Thanks for your reply.
Well, I don't think batch scripting is worth learning it at all. Well, it kinda works for simple stuff but I ain't touching it, no way :)
On the contrary, learning some bash or Python is a lifetime investment. The latter can be easily recommended for anybody.
I can re-create your batch script in Python if you wish, you could learn something from it or just adapt for your further usage.
If you'd like to play with music files and Python scripting, I can give a few suggestions:
- pytaglib (
https://pypi.org/project/pytaglib/) or mutagen (
https://pypi.org/project/mutagen/) libraries for working with audio metadata. pytaglib is a wrapper around well-known C++ taglib (
https://taglib.org/) library, which powers mp3tag, for example (and many more applications, of course);
- Pathlib (
https://docs.python.org/3/library/pathlib.html) (it supports globbing (
https://en.wikipedia.org/wiki/Glob_%28programming%29), btw) and shutil (
https://docs.python.org/3/library/shutil.html) for working with files.
Good Python code often reads as plain English. It's a good and very popular language, especially for people who are getting more familiar with all this tech stuff.

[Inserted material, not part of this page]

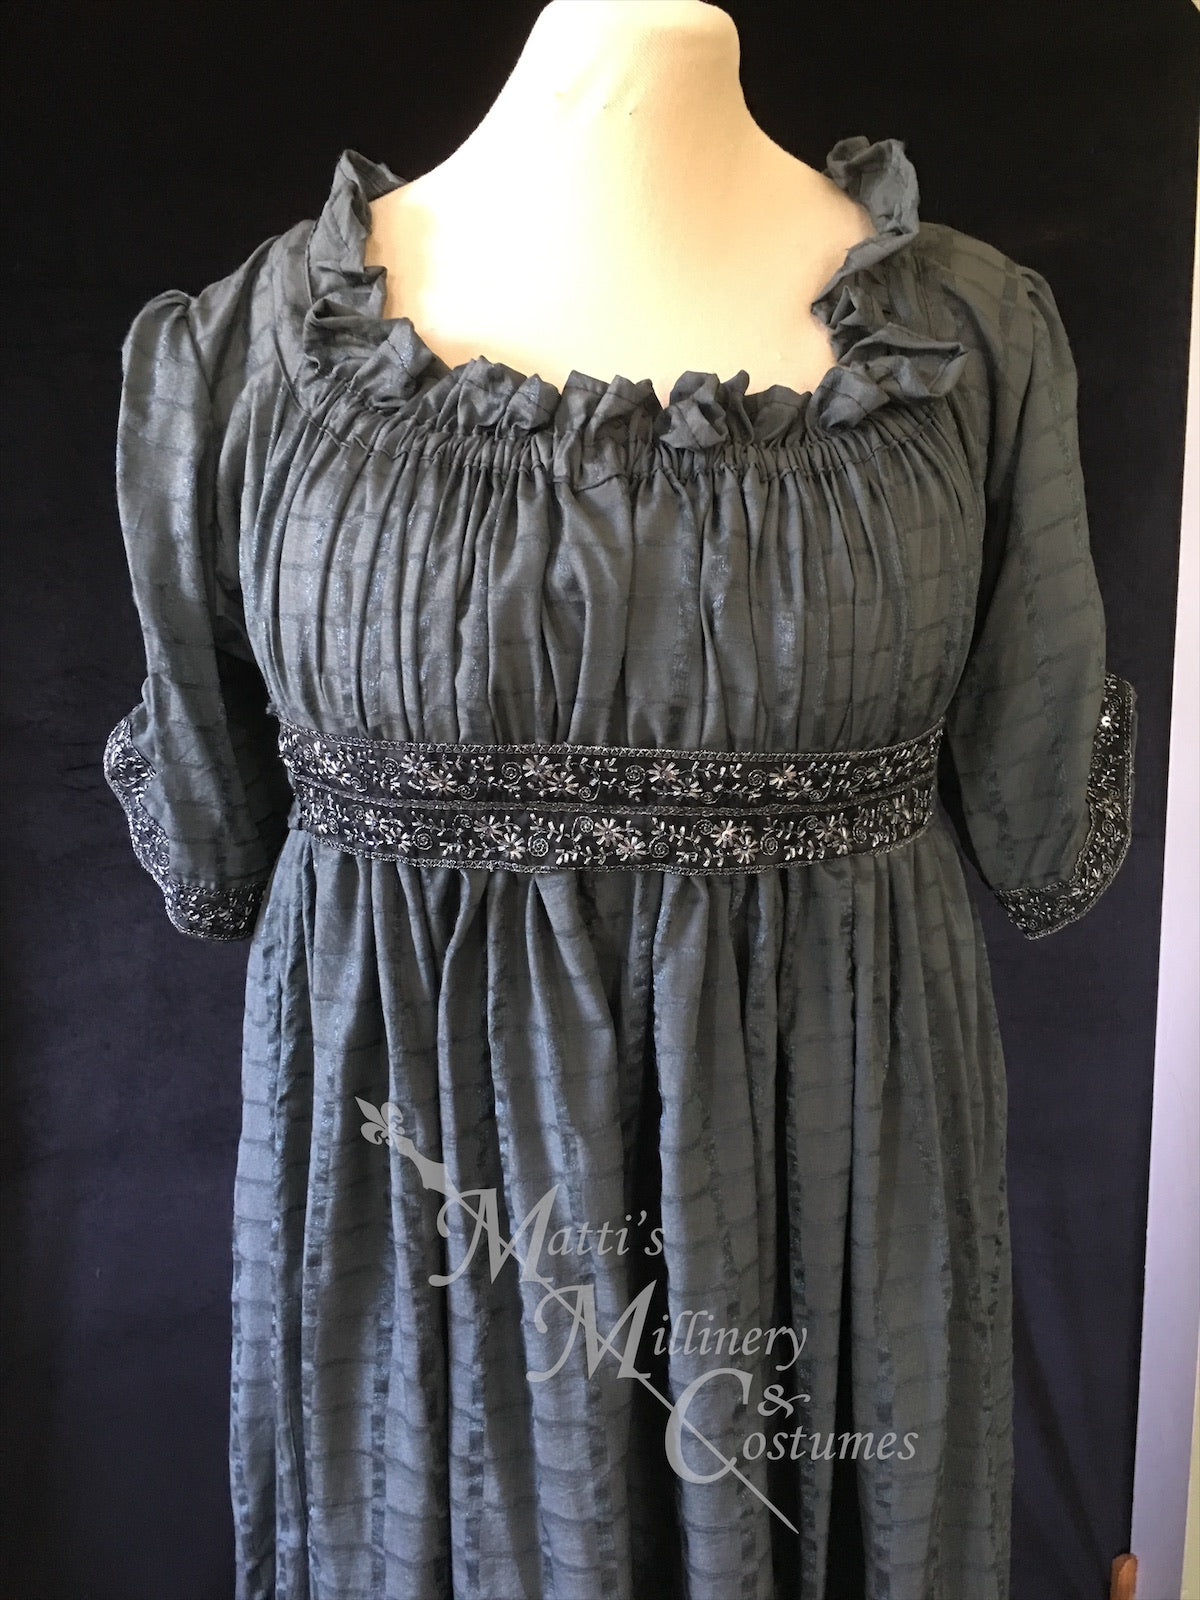 Magic Pewter 1790s Round Gown Jane Austen Regency Day Dress in cotton

That's very true. It's fine for small projects. I haven't been interested in Python since, unfortunately. I have more important stuff to focus on right now. Maybe the interest will come back to me one day (I lose interest in most stuff quickly and on and off). Last python thing I made was for tagging my rips from Qobuz using Beautiful Soup. I wasn't able to automate the downloading of the tracks though. Can't just use their API either. Don't think it supports Python, and there's no wrapper. That'd be pretty neat actually if you don't mind. I'd like to see how that works (no rush though). Thank you for the suggestions and I'm sorry for the slow reply, man.